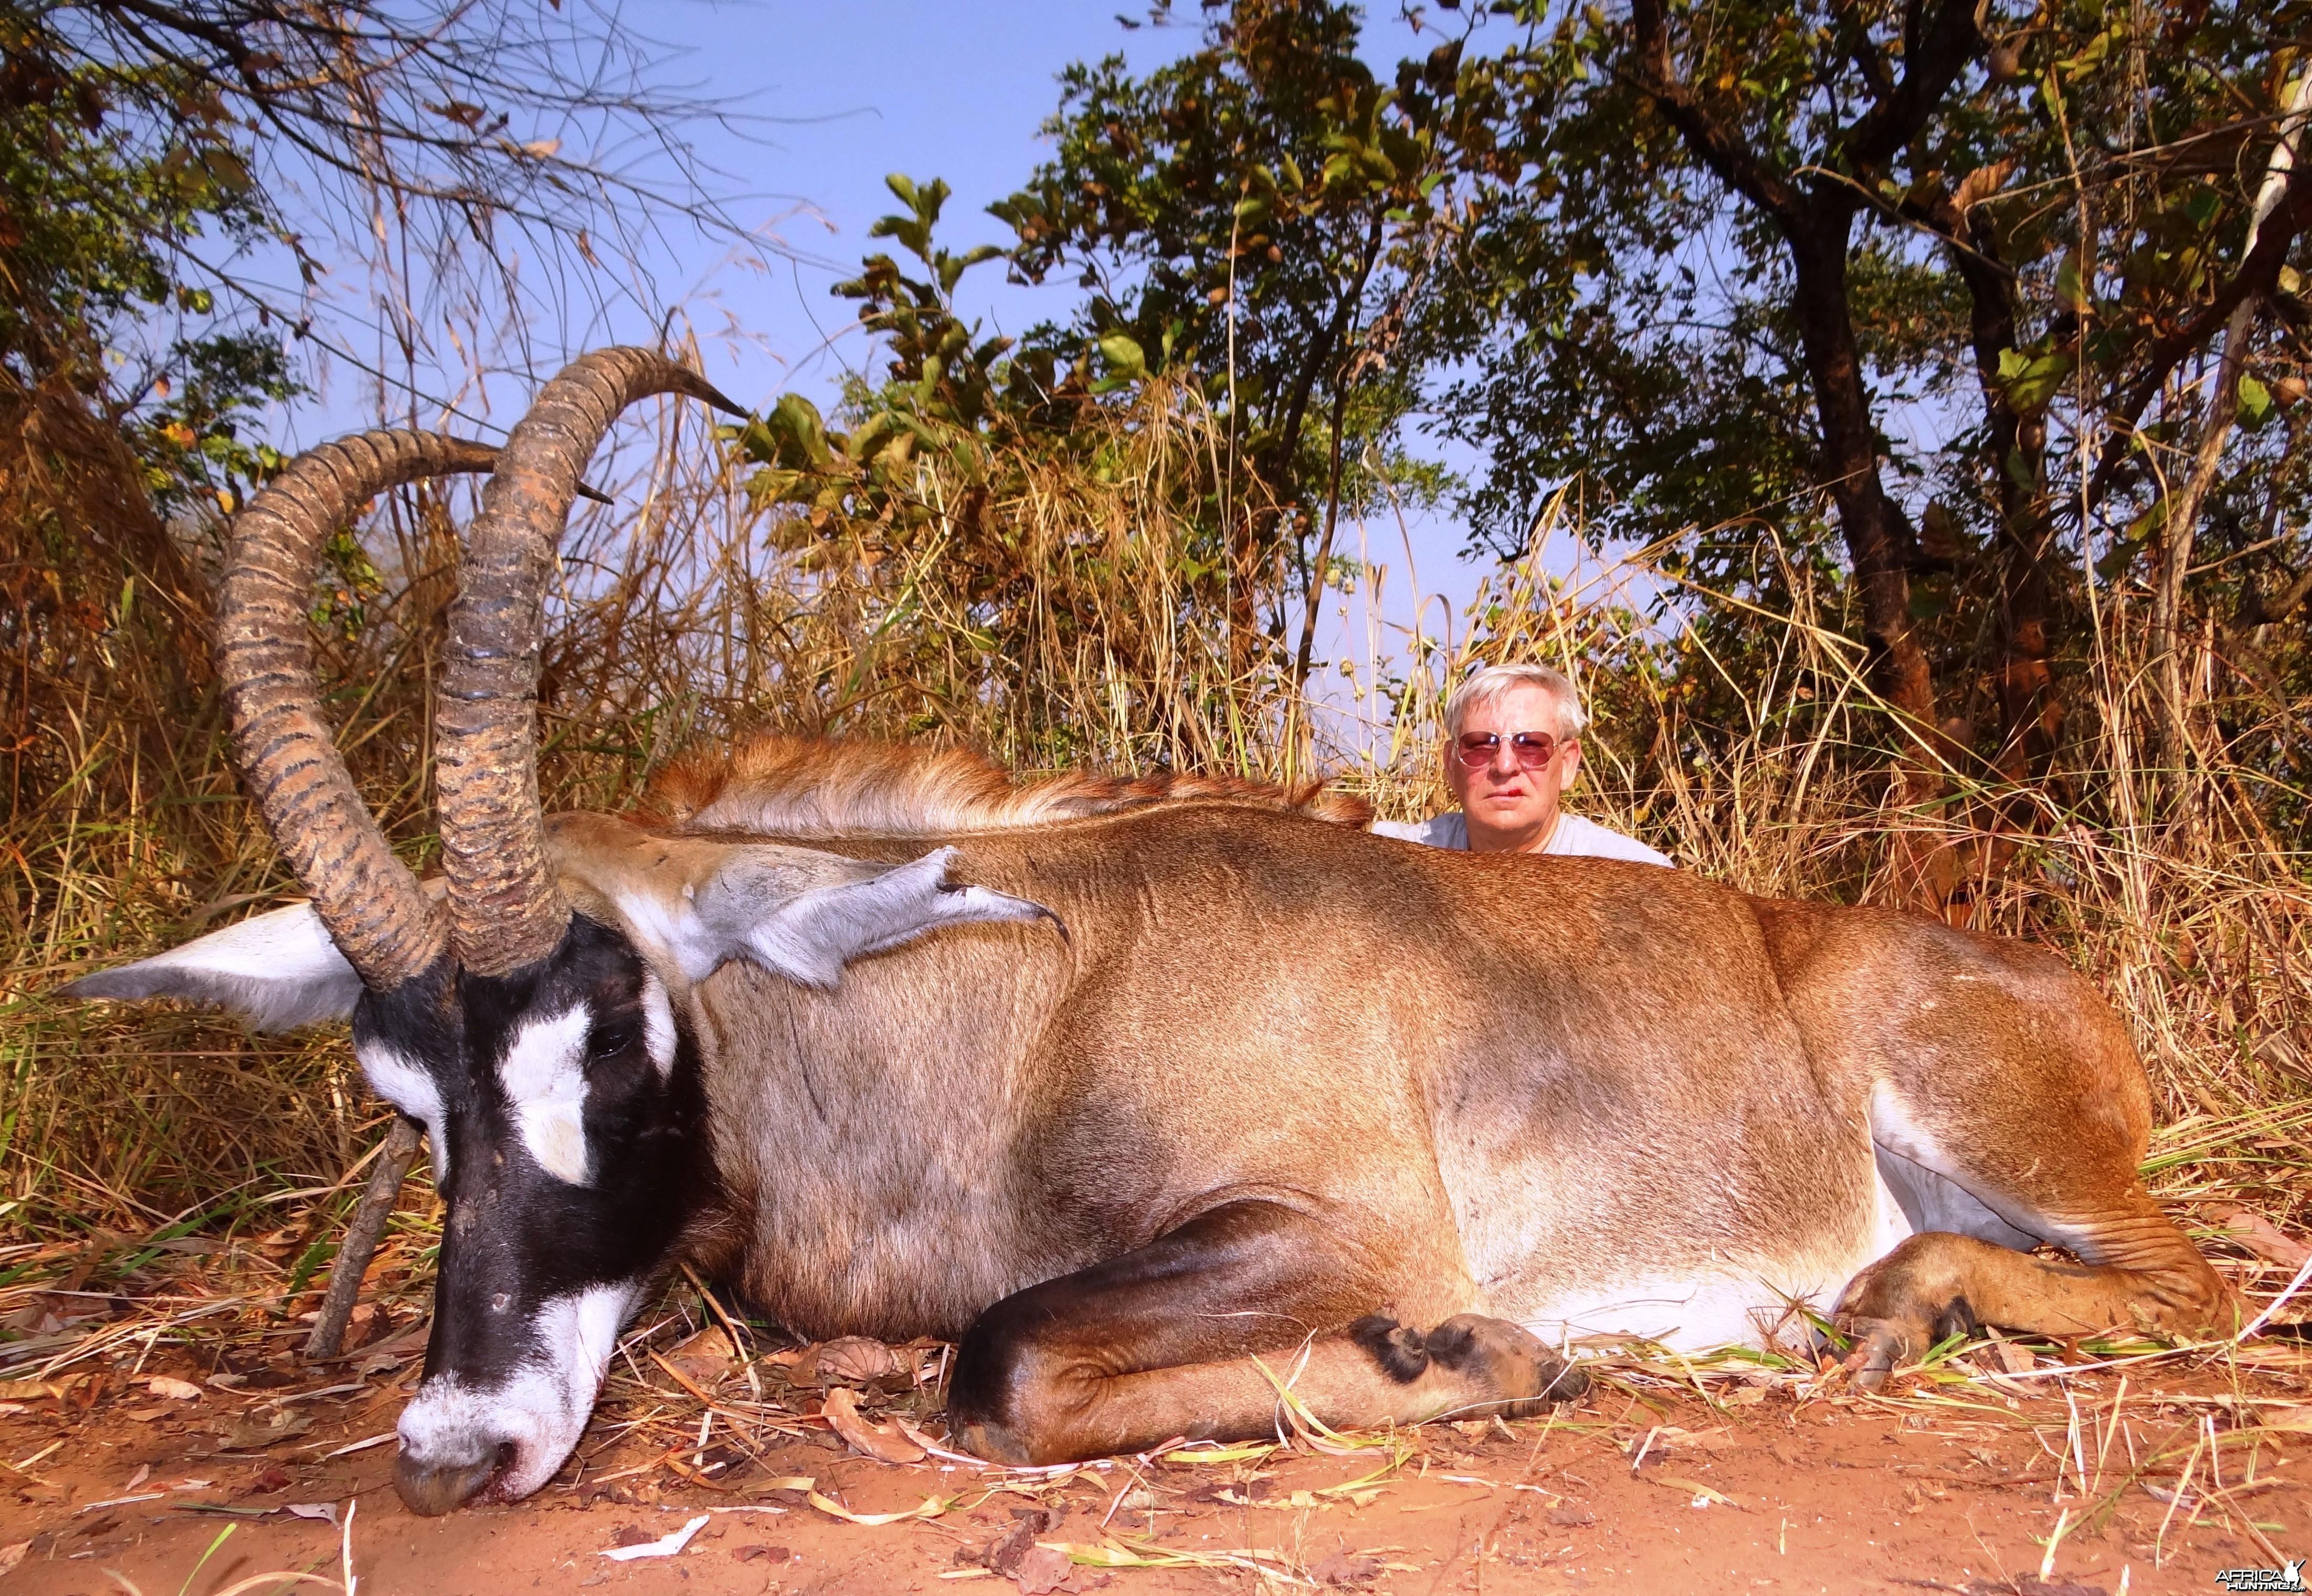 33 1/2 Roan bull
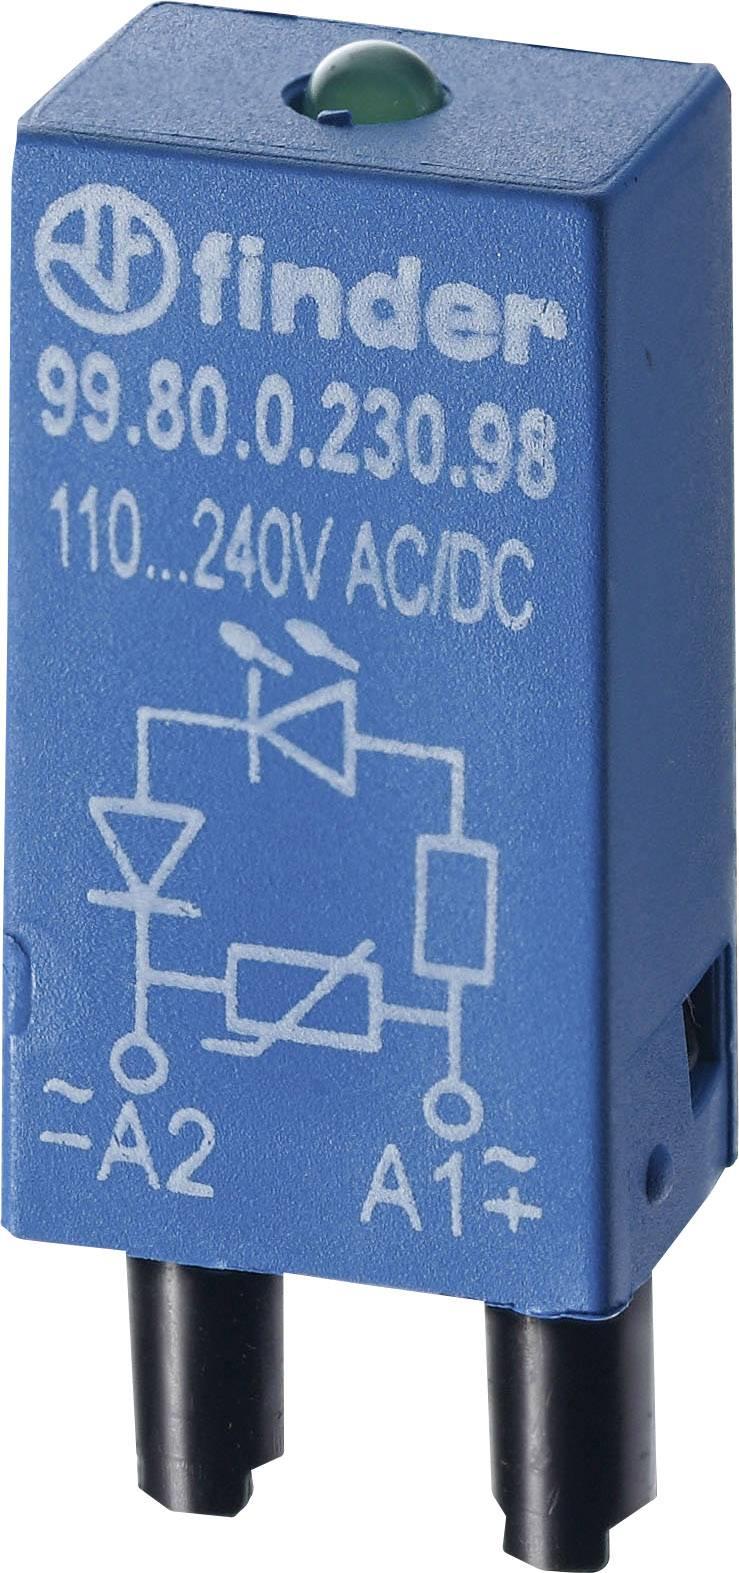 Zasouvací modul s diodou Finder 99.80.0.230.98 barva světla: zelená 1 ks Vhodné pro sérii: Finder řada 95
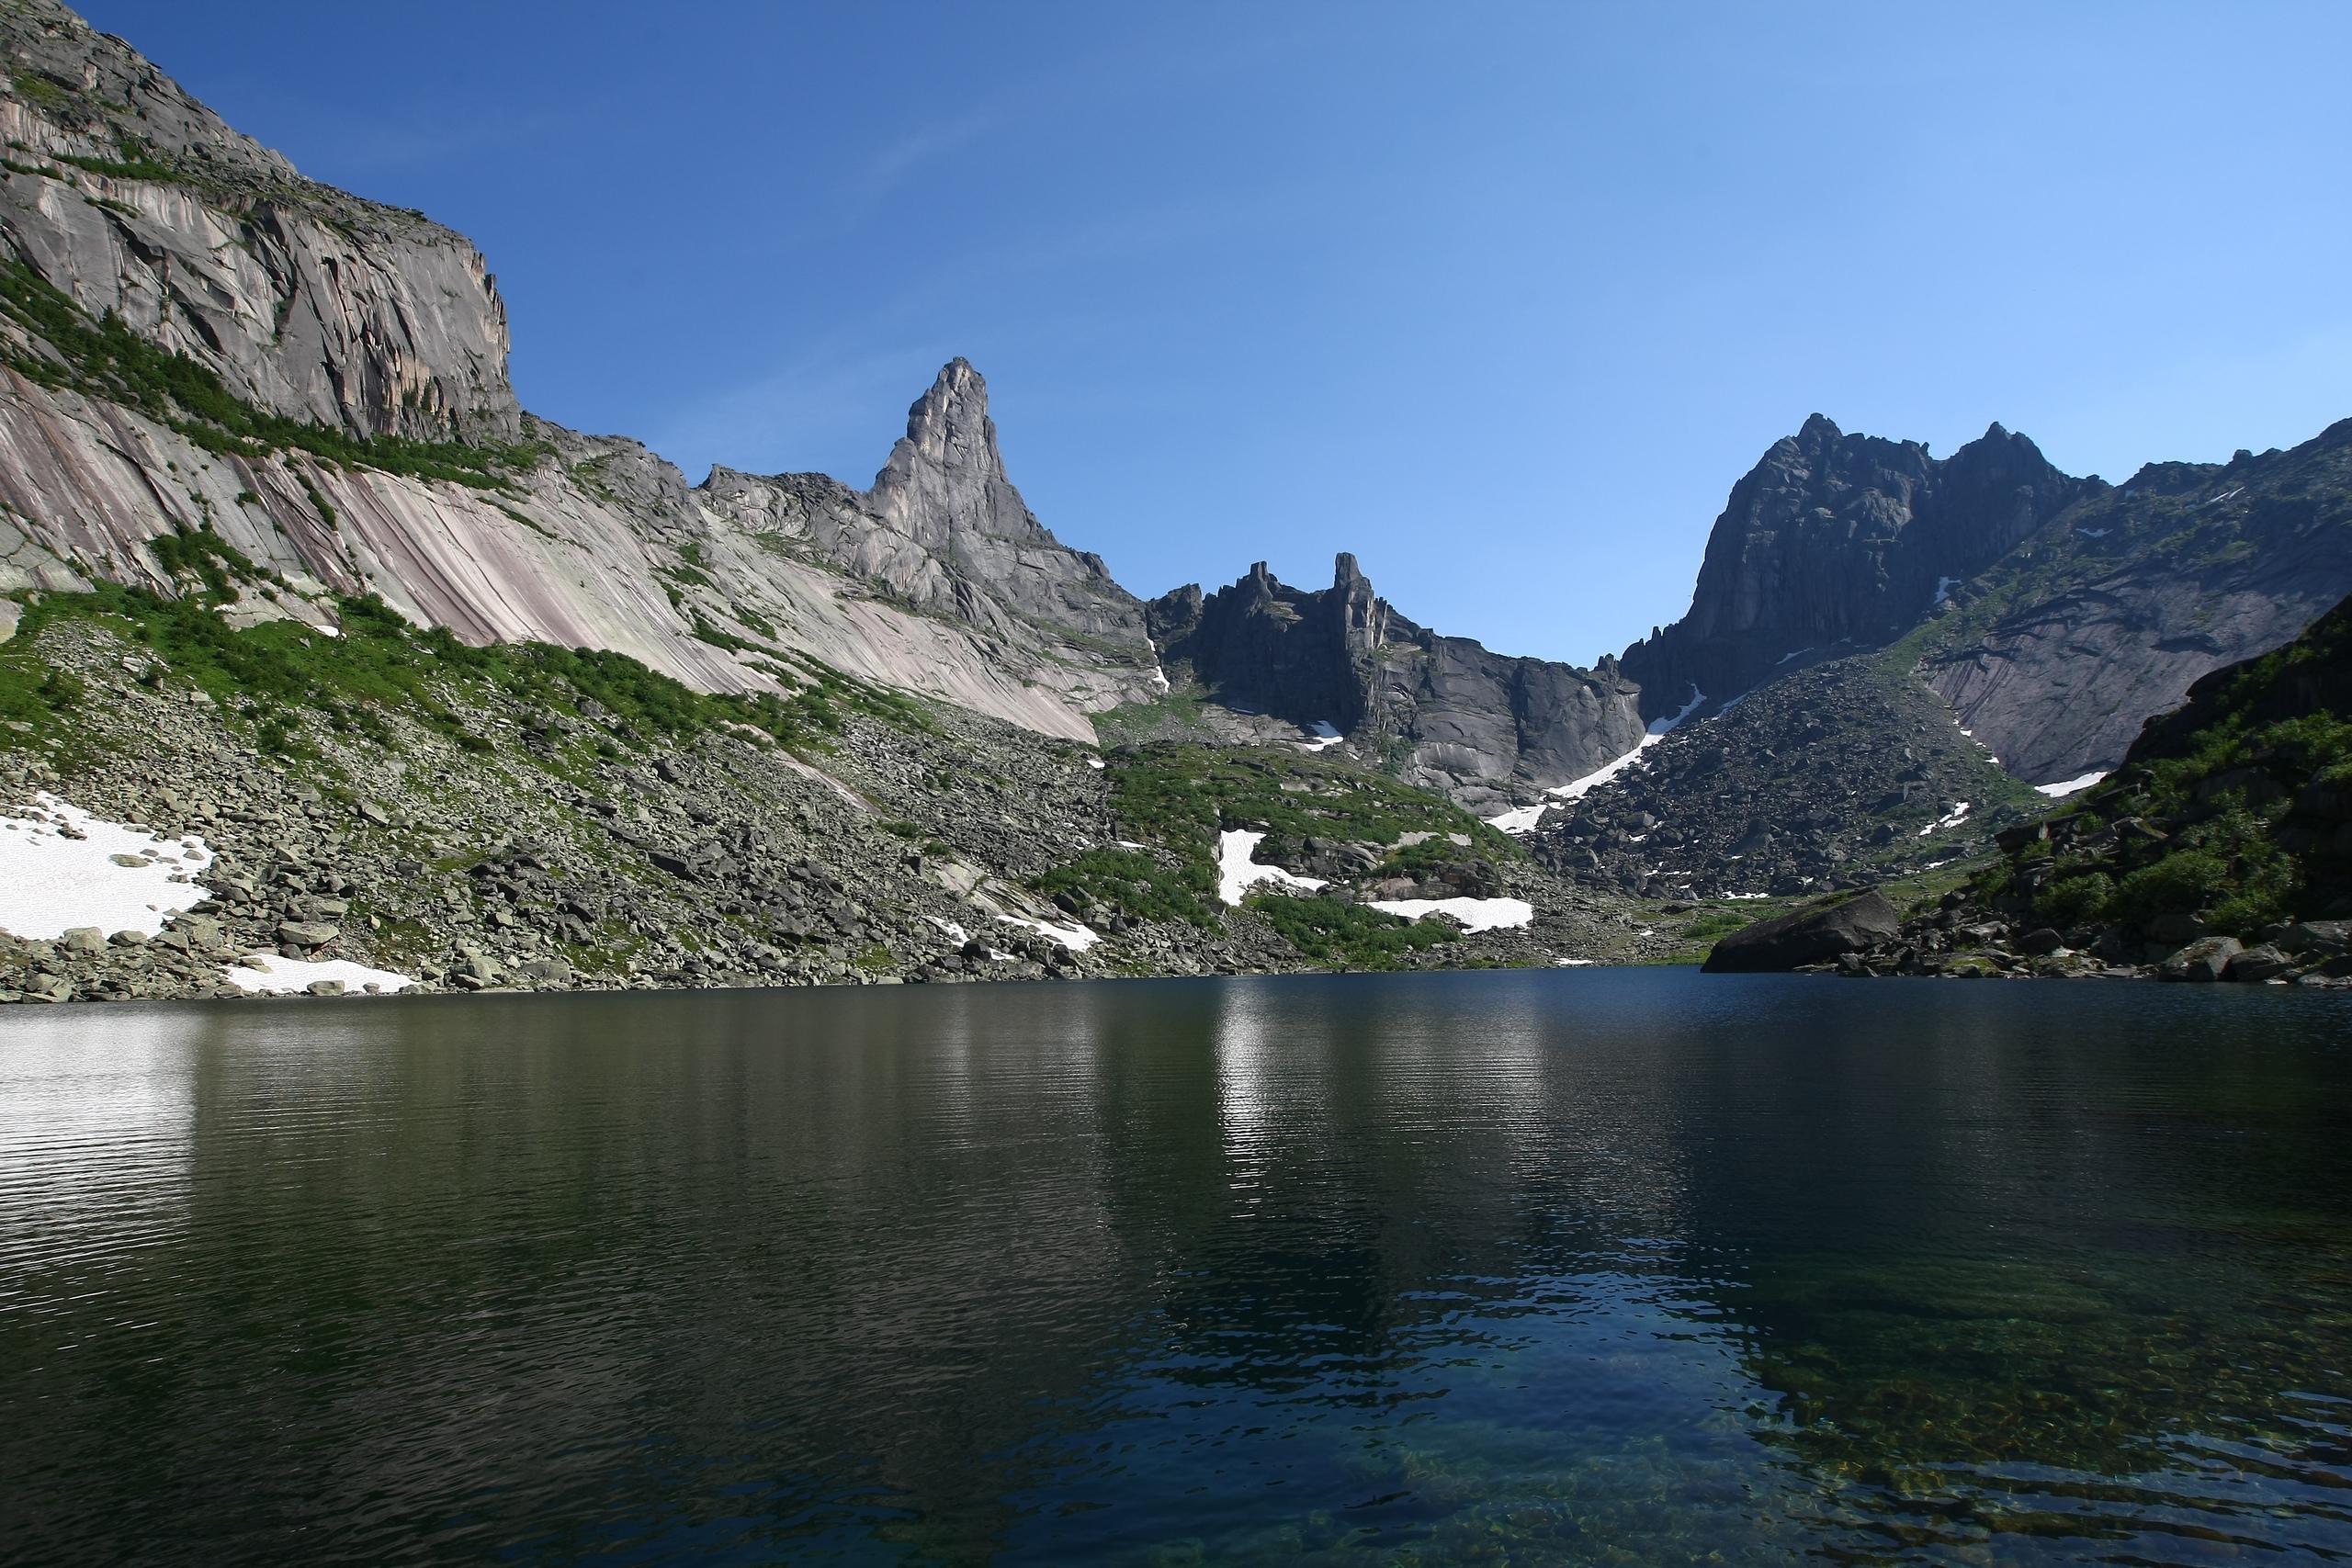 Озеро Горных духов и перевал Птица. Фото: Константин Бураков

━━━━

**ACTIVITY**
The copy must match every line of the data exactly and contain no pictures.

**ANSWER SPACE**
 33 1/2 Roan bull
 Zasouvací modul s diodou Finder 99.80.0.230.98 barva světla: zelená 1 ks Vhodné pro sérii: Finder řada 95
 Озеро Горных духов и перевал Птица. Фото: Константин Бураков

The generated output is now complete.